Embora os medicamentos representem um avanço no tratamento da obesidade, o uso indiscriminado pode gerar riscos à saúde

Com a popularização das famosas ‘canetinhas emagrecedoras’, tem crescido também o número de pessoas que recorrem à medida para perder peso. Apesar de a saúde ser, muitas vezes, associada à magreza, a percepção do que é saudável também aparece além da aparência física — e, entre as campo-grandenses, os emagrecedores surgem como um ‘empurrãozinho’ não só para mudar o corpo, mas melhorar a qualidade de vida.
‘Muitas’ e ‘bastante’ tornaram-se palavras para ‘contabilizar o número de pessoas conhecidas que fazem o uso do produto. Entre as motivações, contudo, a saúde aparece no topo da lista das mulheres entrevistadas pelo Jornal Midiamax.
A cabeleireira Jussara de Santos, por exemplo, explica que recorreu ao medicamento não por padrão de beleza, mas pelo seu bem-estar. Aos 54 anos, a mulher relata que seu peso aumentou nos últimos anos e prejudicou sua condição de saúde. Após diversas tentativas, a canetinha foi sua ‘virada de chave’.
“Oito anos que eu tô aqui em Campo Grande, que eu vim pra cá, e eu tive uma mudança de peso muito grande. Aí, passados esses oito anos, eu comecei a ter muito problema por causa da gordura, do peso. Eu fazia regime, fazia um monte de coisa, academia, e nada estava adiantando. Realmente, essa canetinha ajudou muito”, comenta.
Antes de iniciar o uso, Jussara comenta que passou por um médico especialista que recomendou o medicamento. Conforme a cabeleireira, o uso do produto, combinado à alimentação adequada e realização de atividades físicas, contribui, principalmente, para ‘estar com a saúde em dia’.
‘Difícil ir na raça’
A cantora, compositora e consultora óptica Adriely Mattos também vê nos emagrecedores uma forma de perder peso e encaixar-se naquilo que a sociedade considera ‘Bonito‘. “Acredito que a magreza é saúde, mas também esteticamente manda bastante no meio de padrão de beleza”, afirma.
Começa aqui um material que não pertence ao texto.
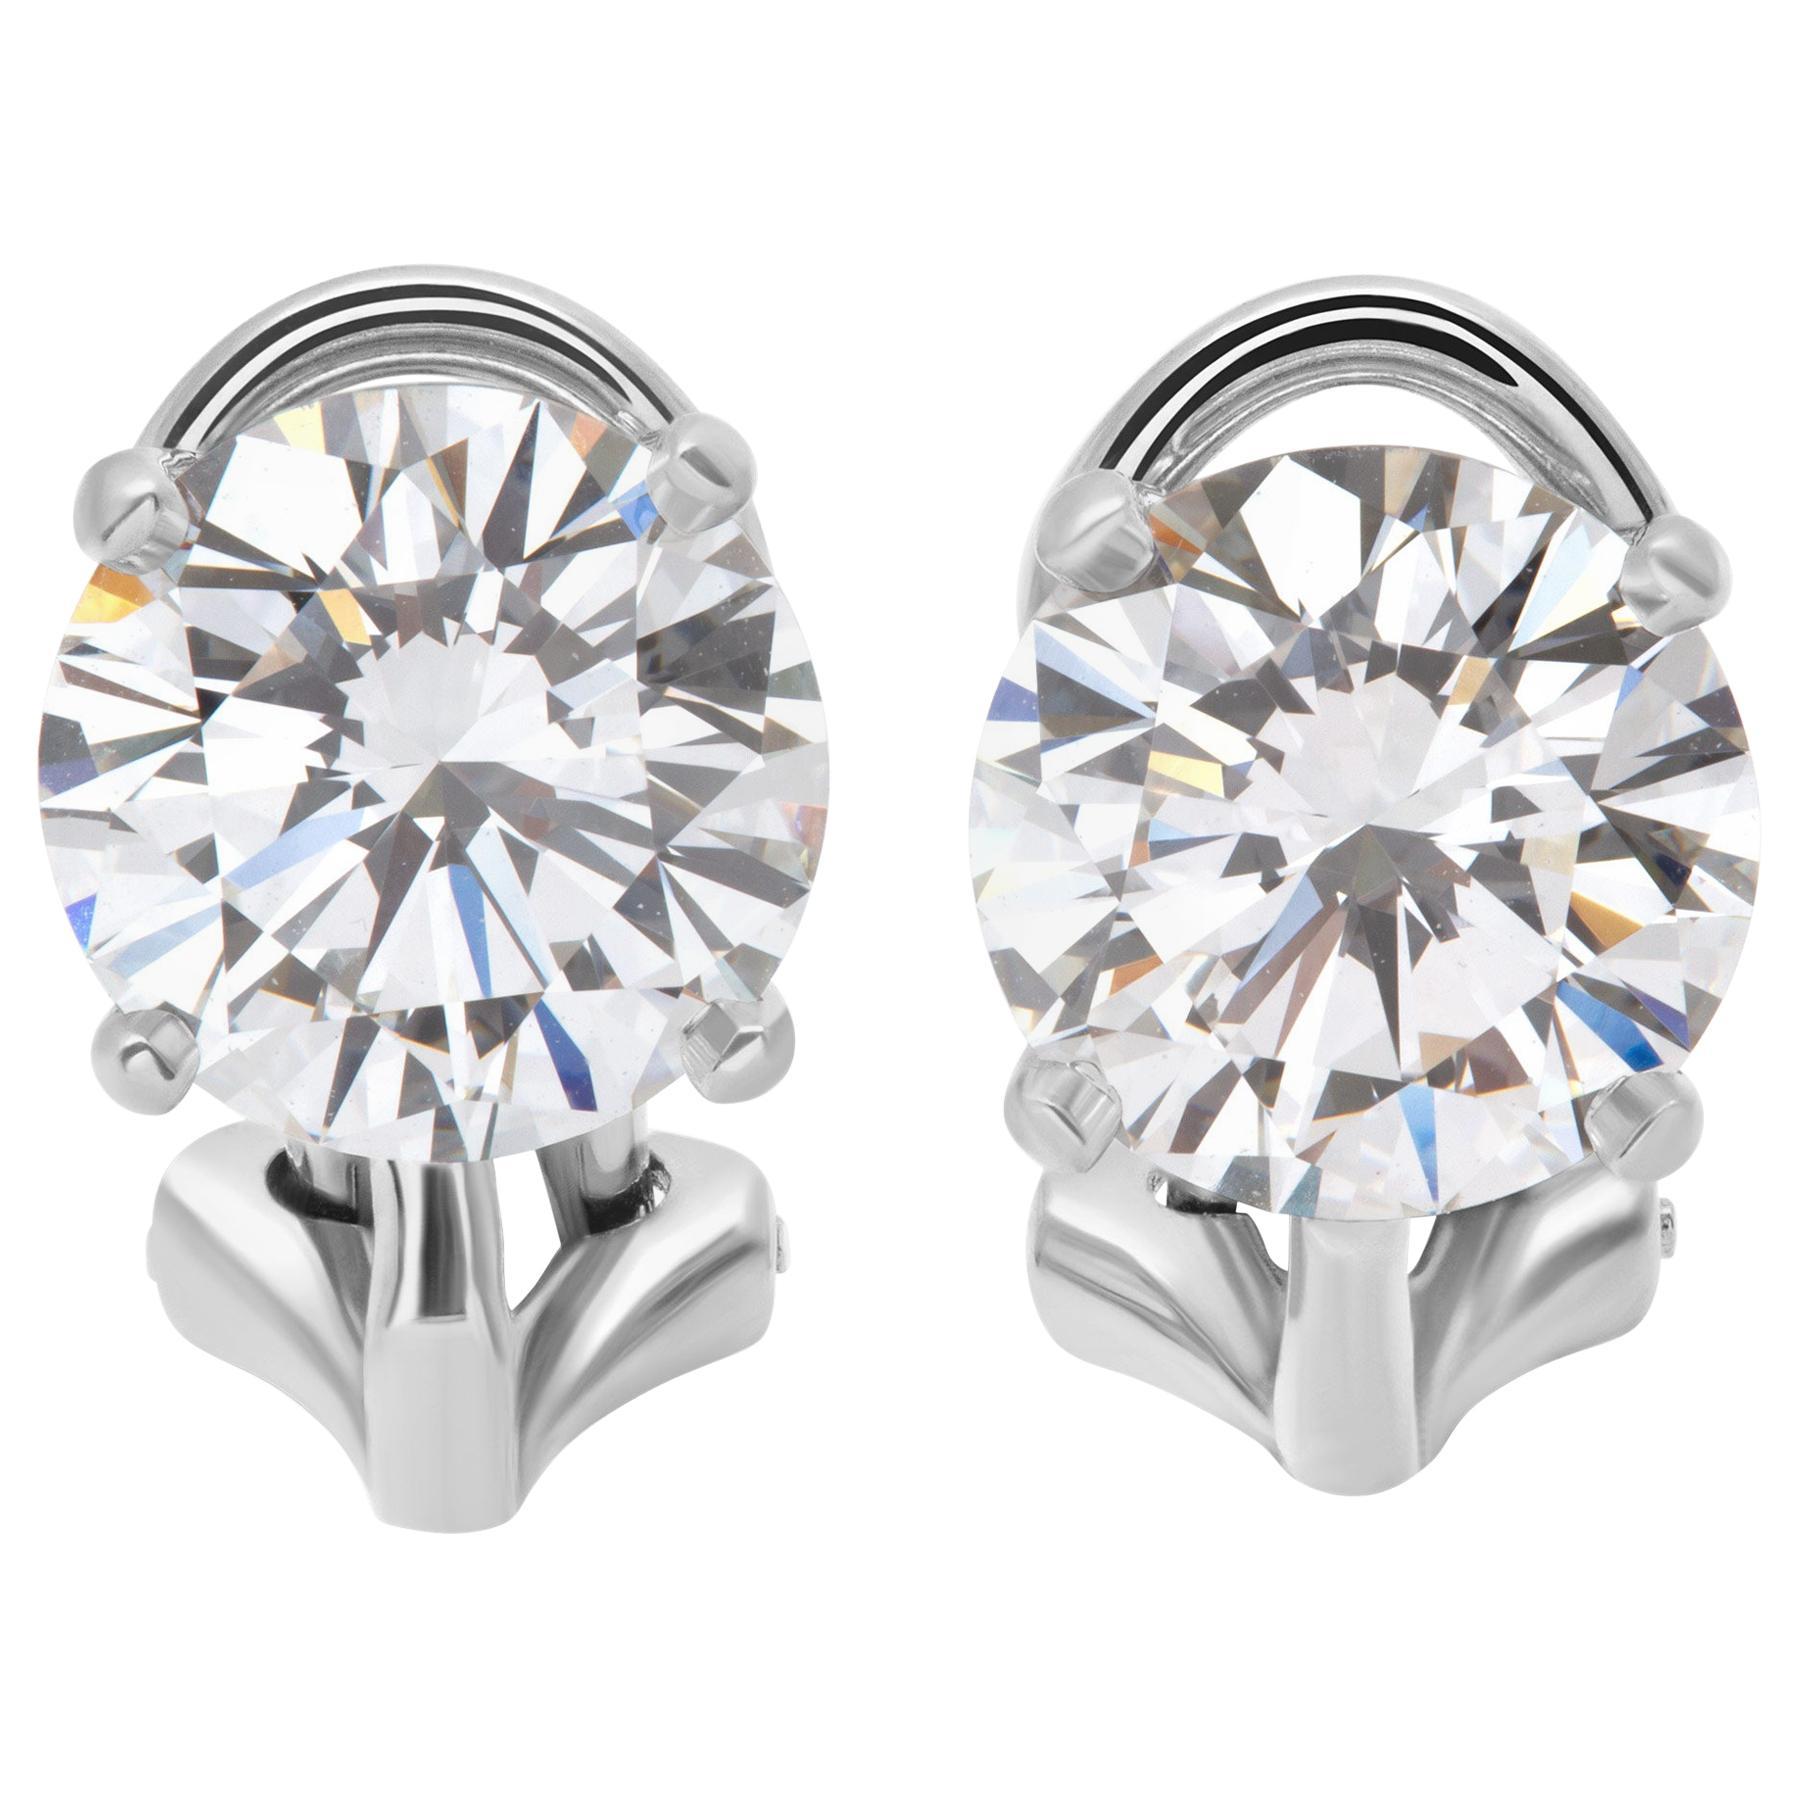 GIA Certified Tiffany & Co. Diamond Stud Earrings in Platinum

Adriely reconhece que ‘é difícil ir na raça’ e, apesar de conhecer bastante gente que faz o uso das canetinhas, o futuro ainda preocupa. “Dá resultado, dá resultado rápido. Eu só não sei se isso, futuramente, vai ser bom. É uma coisa nova, não sei se futuramente vai dar algum problema de saúde etc. É uma coisa nova, a gente tá vendo ainda. Mas, pra quem tá bem acima do peso, é uma forma bem mais fácil.”
Insatisfação crônica
Apesar de a saúde ser muito mencionada entre as motivações, a médica endocrinologista Flávia Tortul destaca que atualmente existe uma insatisfação maior com o físico que impulsiona a busca por emagrecedores. Conforme a especialista, isso ocorre devido a uma combinação de fatores: maior exposição e comparação social; valorização de resultados rápidos; baixa tolerância a processos graduais; e associação equivocada entre magreza e sucesso/autocontrole.
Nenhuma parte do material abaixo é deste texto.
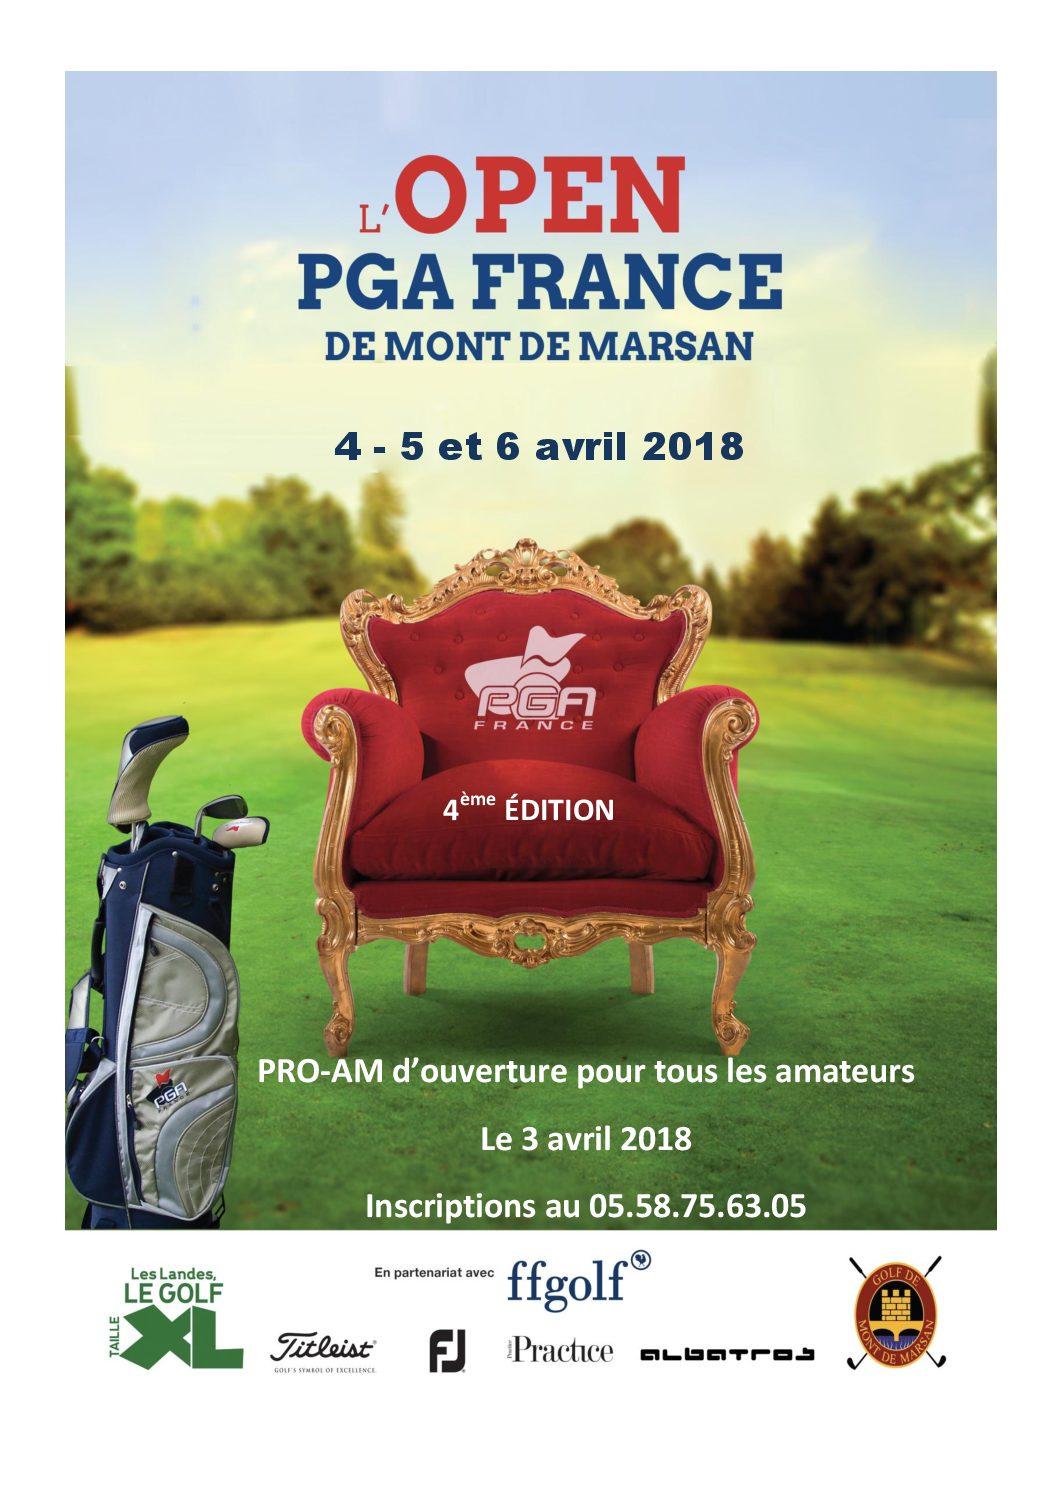 OPEN PGA FRANCE 2018

“Do ponto de vista comportamental, isso aumenta a discrepância entre expectativa e realidade e gera uma insatisfação crônica”, explica. Assim, a forma como as pessoas percebem o próprio corpo é outro ponto de alerta: Flávia comenta que existe uma dissociação entre a percepção individual e os parâmetros clínicos de saúde.
“Pacientes metabolicamente saudáveis, com IMC normal, muitas vezes se percebem insuficientemente magros, e isso tem relação com exposição contínua a padrões irreais, muitas vezes mediados por redes sociais, filtros e resultados extremos.”
Embora os medicamentos representem um avanço importante no tratamento da obesidade, o uso indiscriminado é preocupante e pode gerar riscos à saúde. A perda de massa muscular, sintomas gastrointestinais e até quadros de desnutrição estão entre os sintomas. “O objetivo não deve ser apenas emagrecer, mas melhorar desfechos de saúde, com critério, individualização e acompanhamento médico.”